Actually
this post is one of those when everything is bad. In fact, now it is much
better, I moved to another house closer to my current place of research, here
are two small wonderful girls, who are entertaining me quite actively and, most
importantly-I’m not bitten anymore. So it is much better now, but since this
post was written, I post it anyway.
…
And so
suddenly I felt like I cannot cope with that anymore.
I got used
to eating with a hand, sitting and eating on the floor, squatting toilets far
away from the house, walking long distances and changing heat and cold. I could
get adapted to so many things, but there would be this “but”.
I started
to hate my dependency on the family, being unable to decide when and if I can
get warm water, when I can go to toilet, when I can wash myself in the middle
of the yard all the neighbours being around. In this village a bathroom is a
rare thing and mostly women are bathing in the long towel, having clothes under
it so that no one can see anything. Since back at home I actually bath naked in
the shower, it has been a real challenge for me to manage with all these
towel/clothe thing. I still do not understand how to wash having so many wet
clothes which are slipping down all the time. Luckily, several times I managed
to sneak into neighbour’s bathroom, where I could get my privacy. Other days I
would ask my family to warm some water on the fire for me, getting so many
questions-“You want to wash yourself again?!!! You did that two days ago!” and
sometimes waiting and freezing outside, being cold and wet, unable to put dry
clothes, because slow neighbours would buy the chicken and would be quite
curious to look at me.
And then
those roads. In this very dry season the roads become so dry and they literally
crush into pieces under the feet, and of course, such a clumsy person as me
would fall immediately. I feel ashamed to fall and to walk so slowly when
locals wear slippers and carry tens of heavy loads and can jump going down.

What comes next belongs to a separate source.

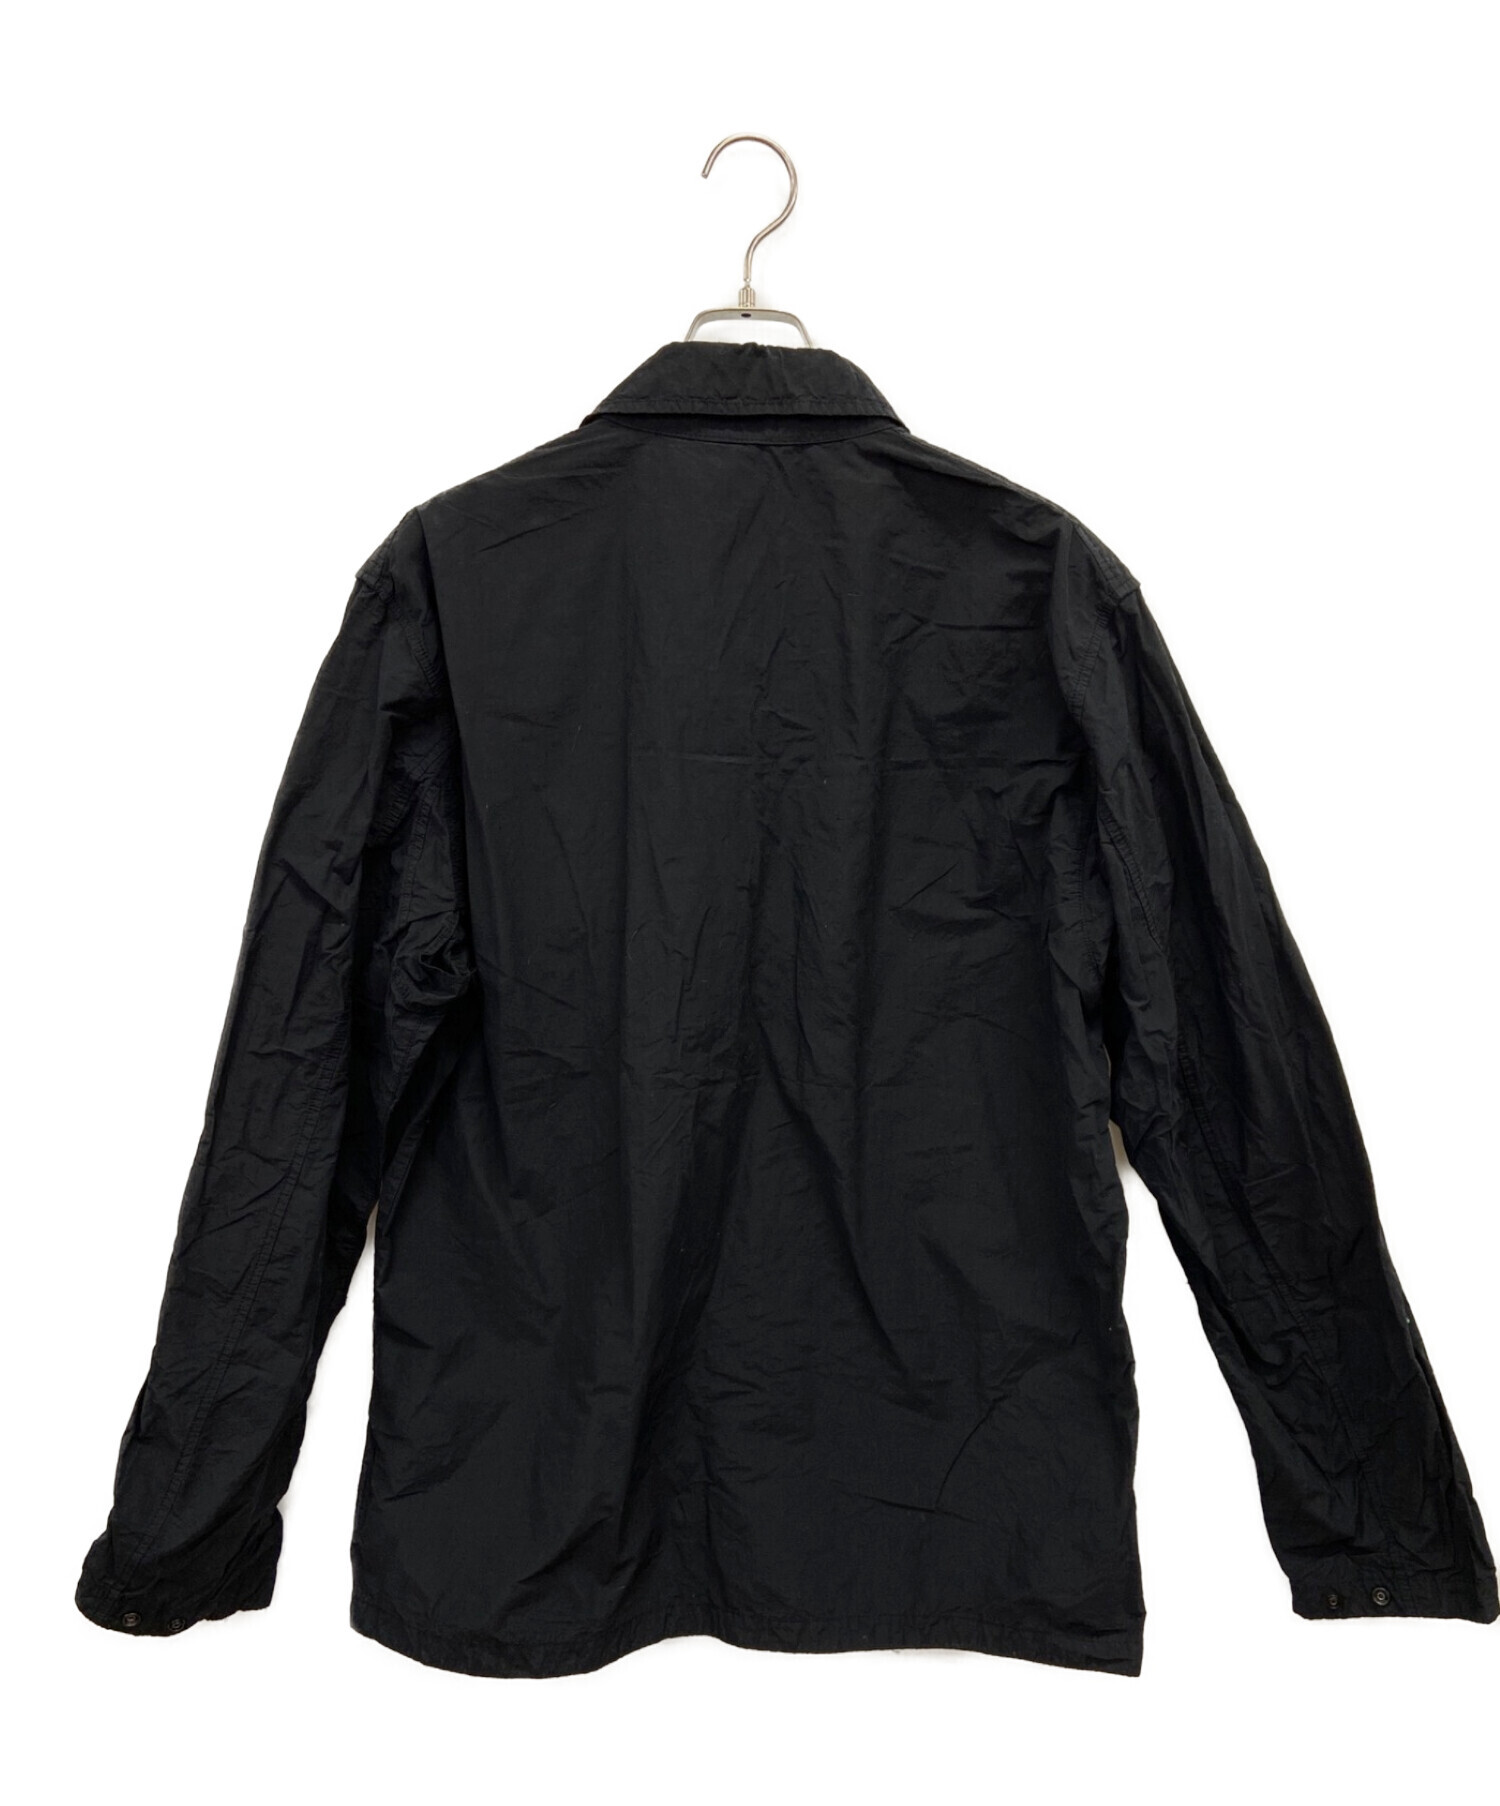 STONE ISLAND (ストーンアイランド) ナイロンジップジャケット ブラック サイズ:Xl

Probably they think I am so weak and unskilled. But actually they are amazed
how much and how fast I am walking. I guess they did not think white people can
cope with those mountain roads at all…
But my
patience was over not even because of those tensions from going up and down. I got totally desperate due to the smallest reason
possible. The size is even tiniest than you think-I speak about fleas. For couple of days I have
been persecuted by those blood suckers through day and night. My body was swollen and 99% of my thinking
was devoted to this itching pain. I washed my clothes and sleeping bag linen
every morning and every evening, destroying my hands in the frozen water (it
becomes lukewarm only during the day, when I am busy) and hoping to kill the
fleas. It didn’t work. I rubbed the smelly neem oil (which is the main
ingredient for flea repellent for pets), but apparently the Himalayan fleas are
very resistant. I hated my sensitivity to those bites, but I felt helpless and
I was forced to take anti-allergy pills, which could help me not to lose my
mind. Even the insecticide poisoned me but not them.